Just because you're incredibly incompetent doesn't mean that Drupal is incredibly hard to customize. While it's true that UX hasn't been one of Drupal's primary concerns, recently a dedicated UX team was formed to address this. Take a look at the D7UX and D8UX initiatives for example. Also, there's a whole bunch of third party modules to extend Drupal's functionality, great template frameworks like AT [] , Omega [] , Fusion [] and the older but still progressing Zen [] . All of it hosted on
And please give me good alternatives to Drupal modules like Fields (core), Views [] and Panels [] - to name a few - in any other CMS/CMF. Good luck with that one.

The problem is that people have been working with so long that it has perverted their brains.

The problem is that your short-sightedness is perverting your brain and your blaming someone else.

Re:Drupal Horrific (1)

ameen.ross (2498000) | more than 2 years ago | (#39855501)

Fixing my last 2 links:
Views []
Panels []

Re:Drupal Horrific (0)

Anonymous Coward | more than 2 years ago | (#39851813)

What did you find horrific about it? Would you suggest anything else?

Re:Drupal Horrific (0)

Anonymous Coward | more than 2 years ago | (#39852035)

Oh look, yet another random attack on key word Drupal. Surprised you didn't toss in a slight against PHP while you were at it.

I'm guessing you thought setting this site up would be as simple as running the installer and clicking a few buttons - but it turned out you needed to do some work in a framework that you were unfamiliar with and unwilling to learn. Absolutely NO WHERE on the internet is it said that Drupal is a simple thing to use. And yet, as you say, it has momentum - clearly it's not "horrific" to most people.

Justify your attacks - otherwise you're just noise.

Disclaimer: I'm a developer currently working with a product based on Drupal 6. I know full well it's short-comings and it's strengths.

Drupal is shit. (-1)

Anonymous Coward | more than 2 years ago | (#39851089)

Read Subject.

Document Management System (1)

haeger (85819) | more than 2 years ago | (#39851147)

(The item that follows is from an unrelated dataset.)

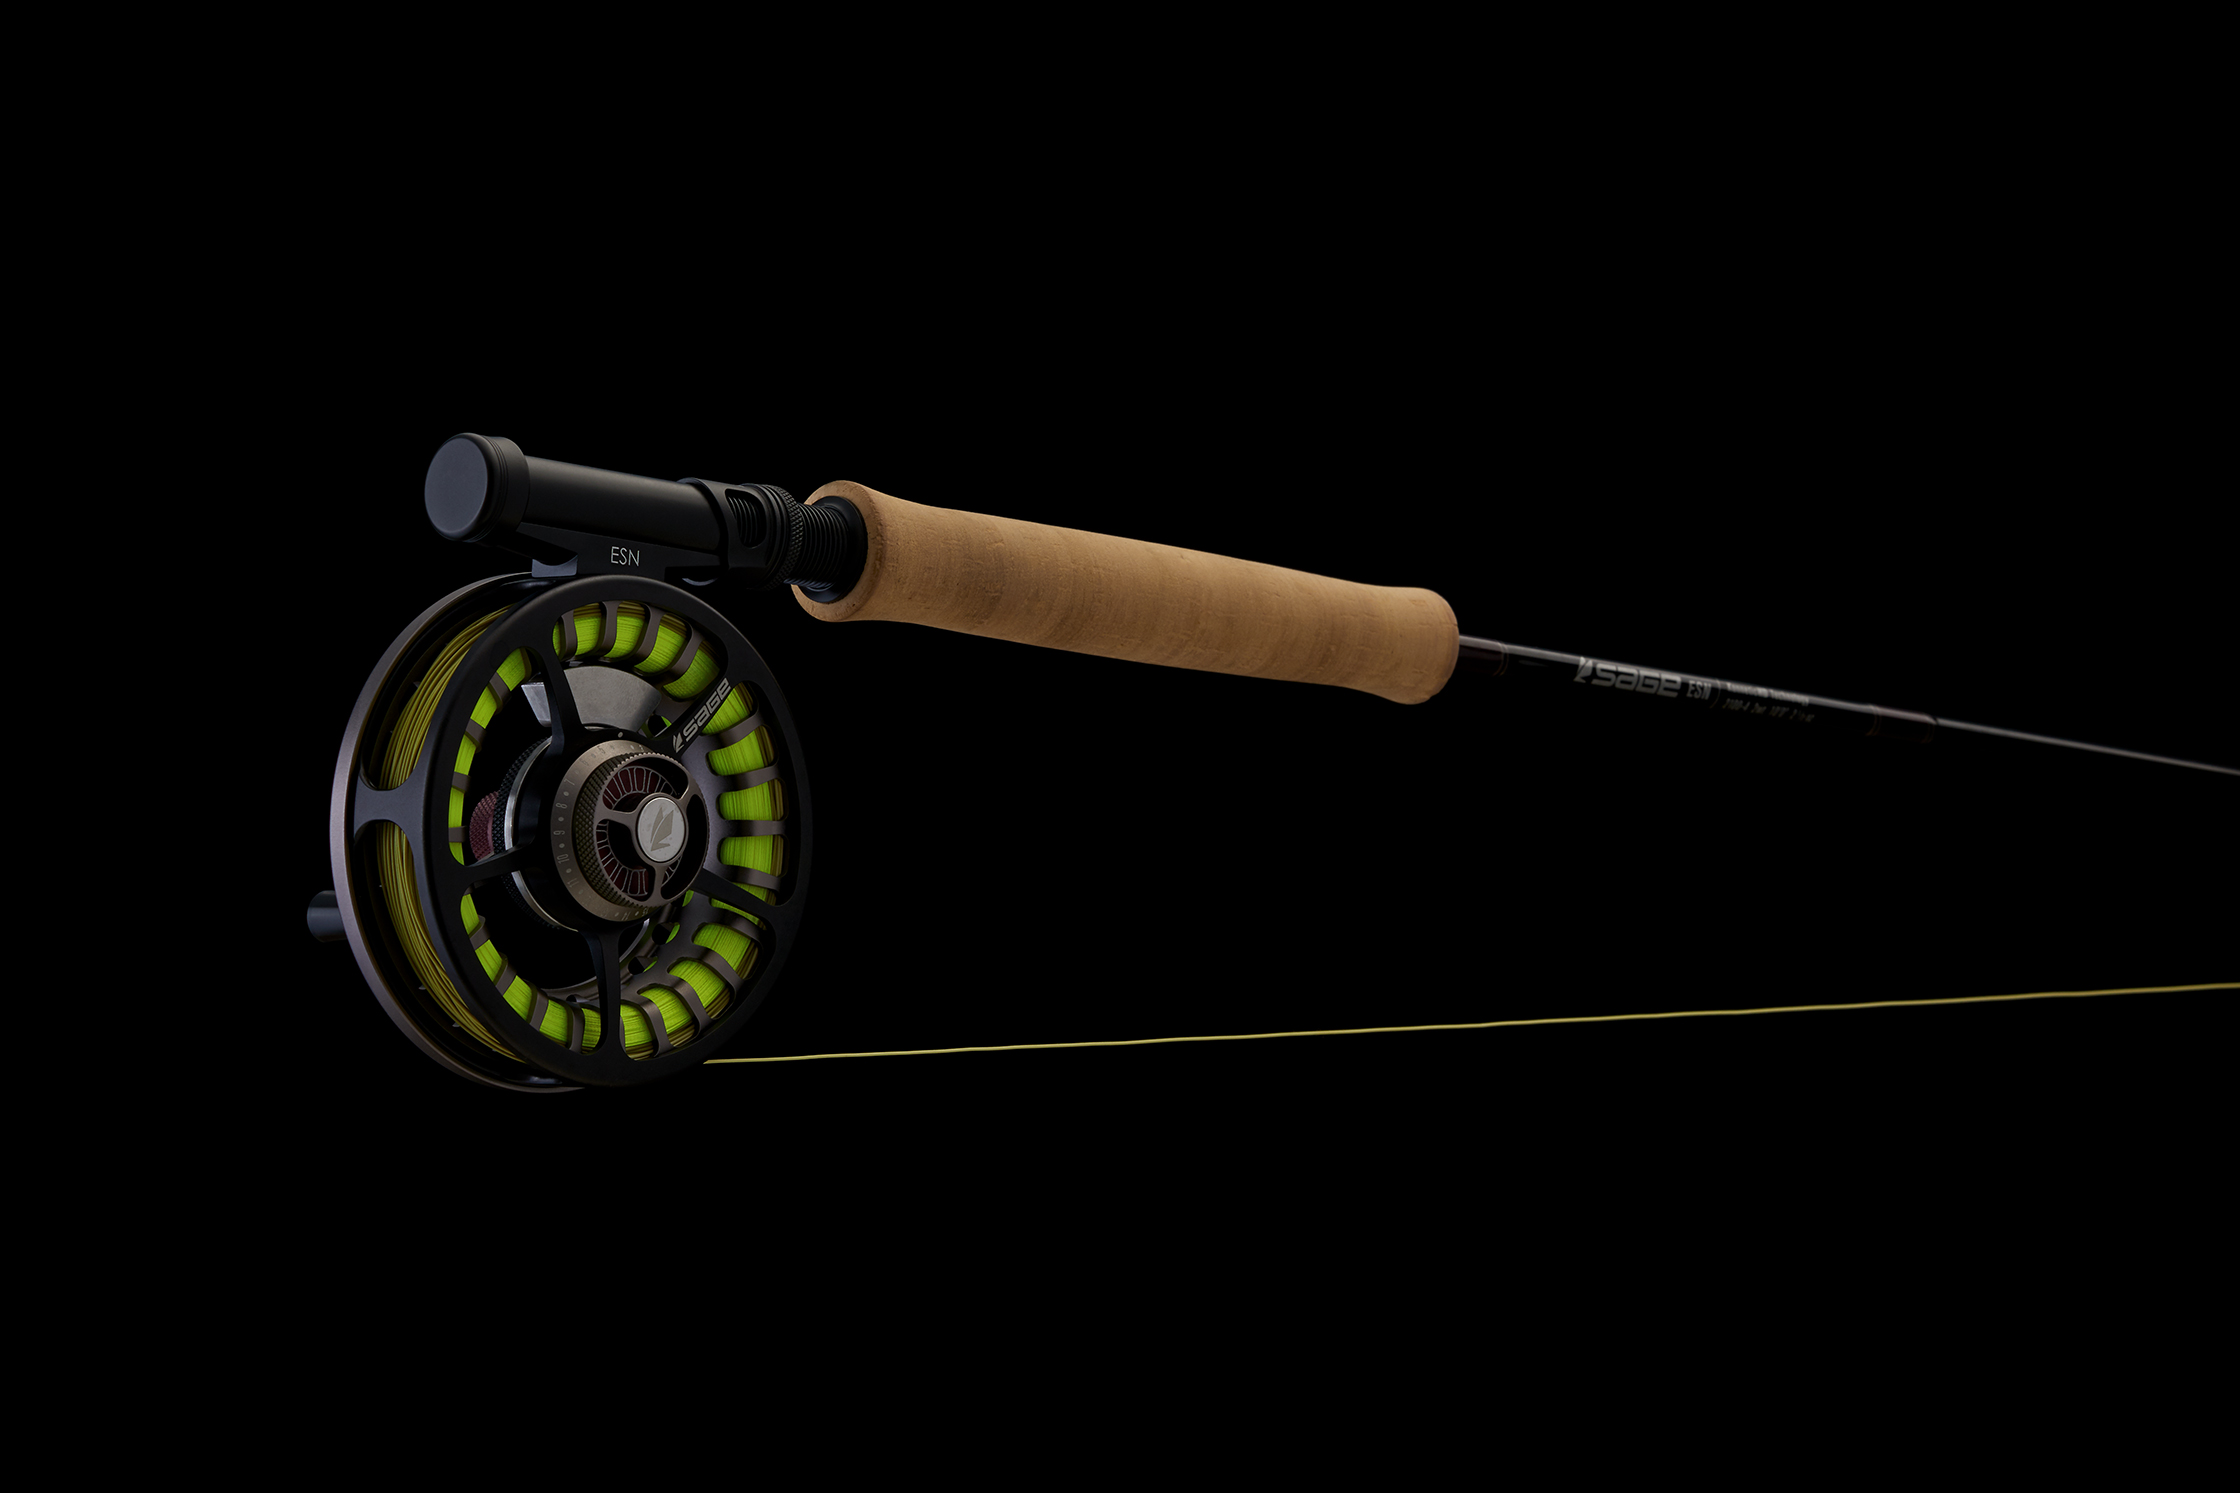 Fly rod product photograph

Sadly there isn't a good DMS for drupal availible, and OpenAtrium doesn't seem to fix this either.
It would be nice to have a Document Management System that supports configuration management principles like "baselining", "tagging" and maybe even "branching". The system should understand documents (filetypes), support conversions, support collaboration (multi-user edit), support meta-tags etc and at the same time support Subversion-like operations to manage baselines.

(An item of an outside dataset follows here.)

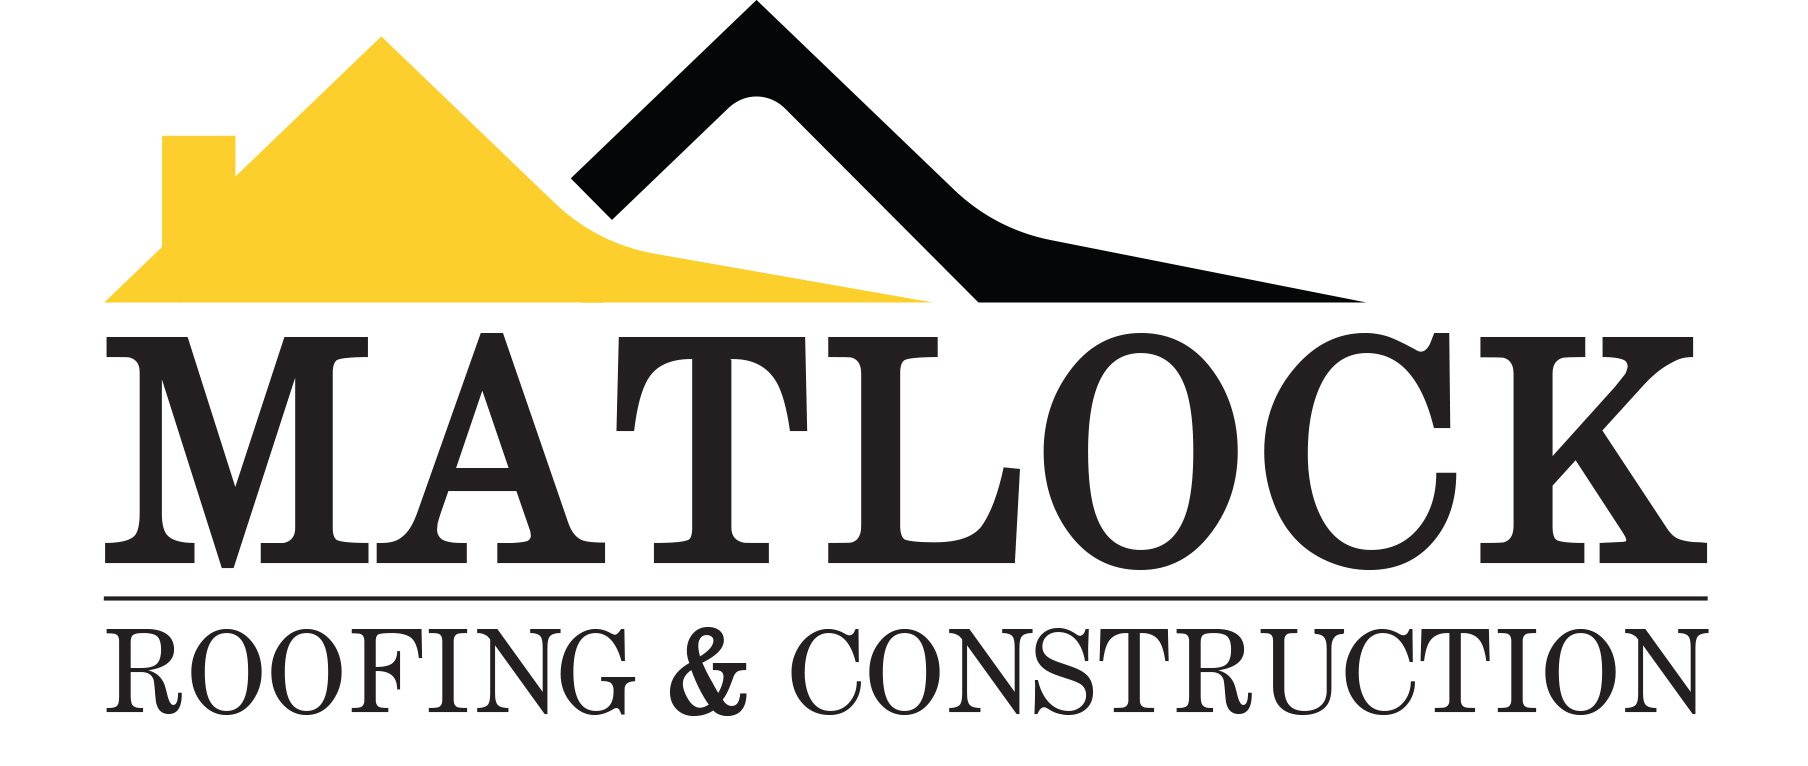 New Logo For Matlock Roofing & Construction

Perhaps I was looking at the wrong product, but I was sort of hoping that OpenAtrium could help me out. Too bad it can't. And neither can stock-drupal it seems.

Re:Document Management System (0)

Anonymous Coward | more than 2 years ago | (#39851701) fulfils most of these IIRC

Re:Document Management System (0)

Anonymous Coward | more than 2 years ago | (#39852077)

All you need to is look into utilising the CMIS standard to connect Drupal to an enterprise grade DMS... Alfresco comes to mind.

Re:Document Management System (0)

Anonymous Coward | more than 2 years ago | (#39853185)

Drupal + CMIS + Alfresco = Web CMS + ECM. I used to manage projects installing and integrating commercial ECM like Laserfiche, KwikTag and Sharepoint and I have been doing development with Drupal for the past 3 years. This combination would have made many of my ECM customers who were looking for an alternative to Sharepoint for their intranet/extranet sites.

Re:Document Management System (1)

aquarajustin (1070708) | more than 2 years ago | (#39853233)

I was planning on setting up an Open Atrium instance with Alfresco via the CMIS connector for this.

Better Question (1)

Anonymous Coward | more than 2 years ago | (#39851867)

I wonder how much profit Packt Publishing makes from having Indians reprint a mish mash of online stuff for every IT subject in existence? Anybody has any estimates?

Re:Better Question (1)

jsfs (1329511) | more than 2 years ago | (#39854133)

1.21 gigadollars?

ticket system (1)

acoustix (123925) | more than 2 years ago | (#39853693)

The only really big missing piece from my Drupal installation at work is a ticket system. Right now we use Tracker on eGroupware for IT tickets and Drupal for everything else. I wish I had time to covert Tracker to a Drupal module. The current offerings of ticket systems for Drupal is rather pathetic.